Even so, the very convenience and accessibility of James’s house gave it a bleak and transitory feel. The shelf in the hallway was always stacked with post addressed to former tenants whom nobody knew—bills, circulars, mailing-shots aimed with desolate regularity at a population of migrants. In the small carpeted lift (which this morning I allowed myself to take) one would meet strangers who were just polite, incredibly well dressed, sometimes carrying tiny fancy dogs.

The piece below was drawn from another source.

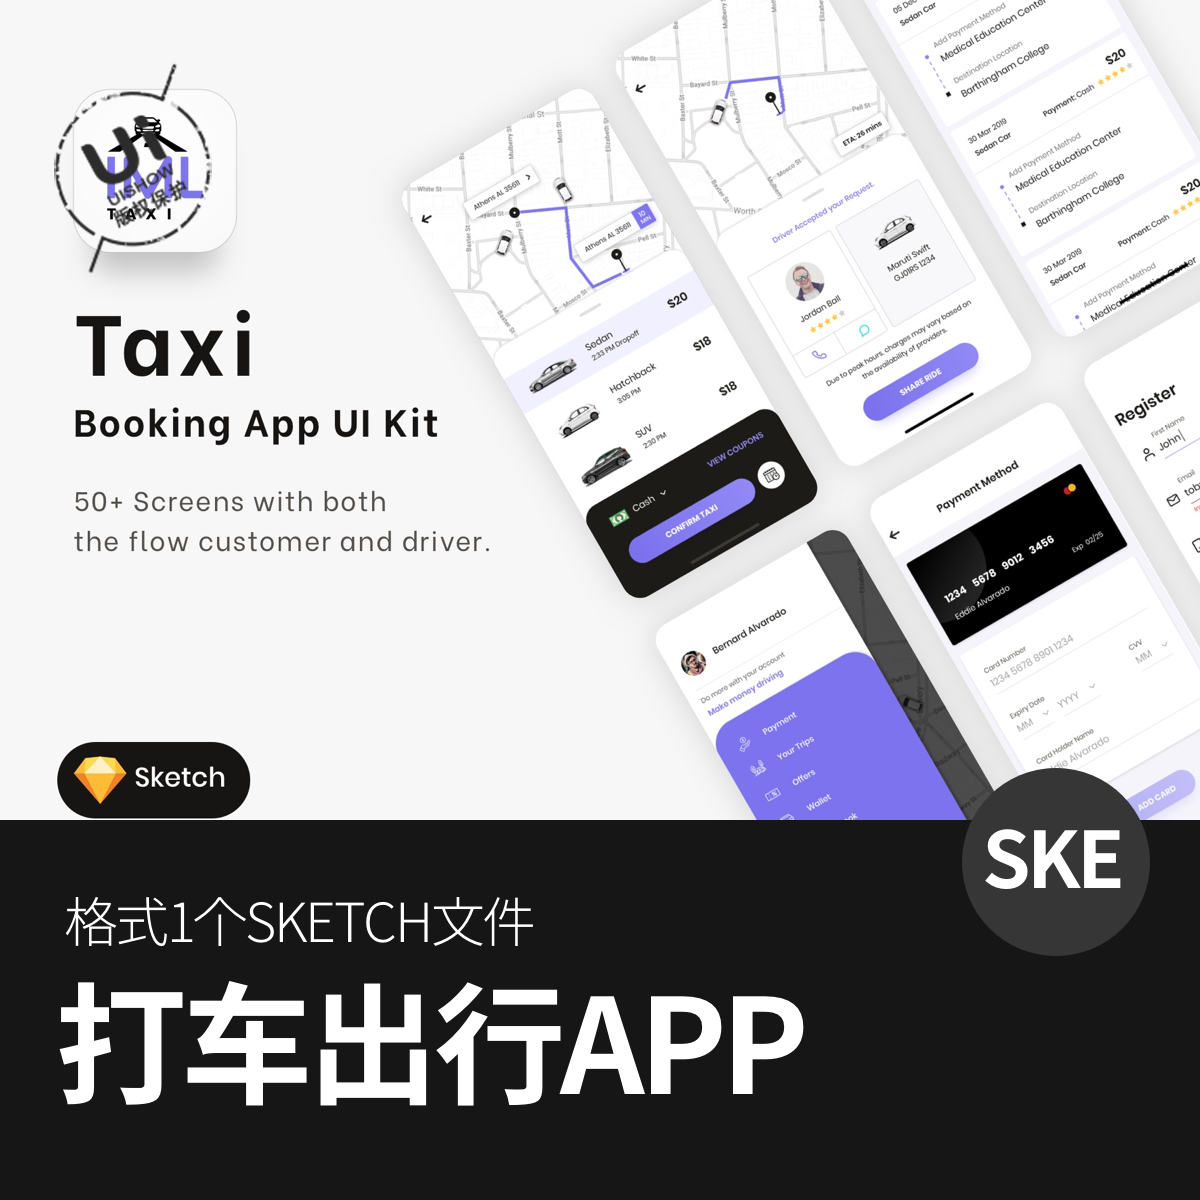 出租车预订打车出行共享汽车APP应用程序界面模板设计sketch素材

James liked the insularity of his flat, liked having a place all to himself, but was clearly affected by this mood of transience, a sense of valuelessness despite the climbing prices and the mortgage. He could never bring himself to do much to it, and though he loved pictures seemed not to notice the half-furnished bareness of his own few rooms. He had a fine Piranesi—all tumbled masonry and sprouting bushes—that he had bought years ago in a sale but had never framed. It was propped, sagging in its mount, on the mantelpiece, above the dusty and ornate black ironwork of the blocked-off grate. There were comfortable, nondescript armchairs, and a heavyweight stereo system. He was obsessed with Shostakovich and had innumerable records of baleful quartets and sarcastic little songs. They put me into a gloom and a fidget within seconds but I think their bleakness met some otherwise inarticulate inner compulsion of his own, of a piece perhaps with the featurelessness of the apartment and his fatalistic disdain of possessions.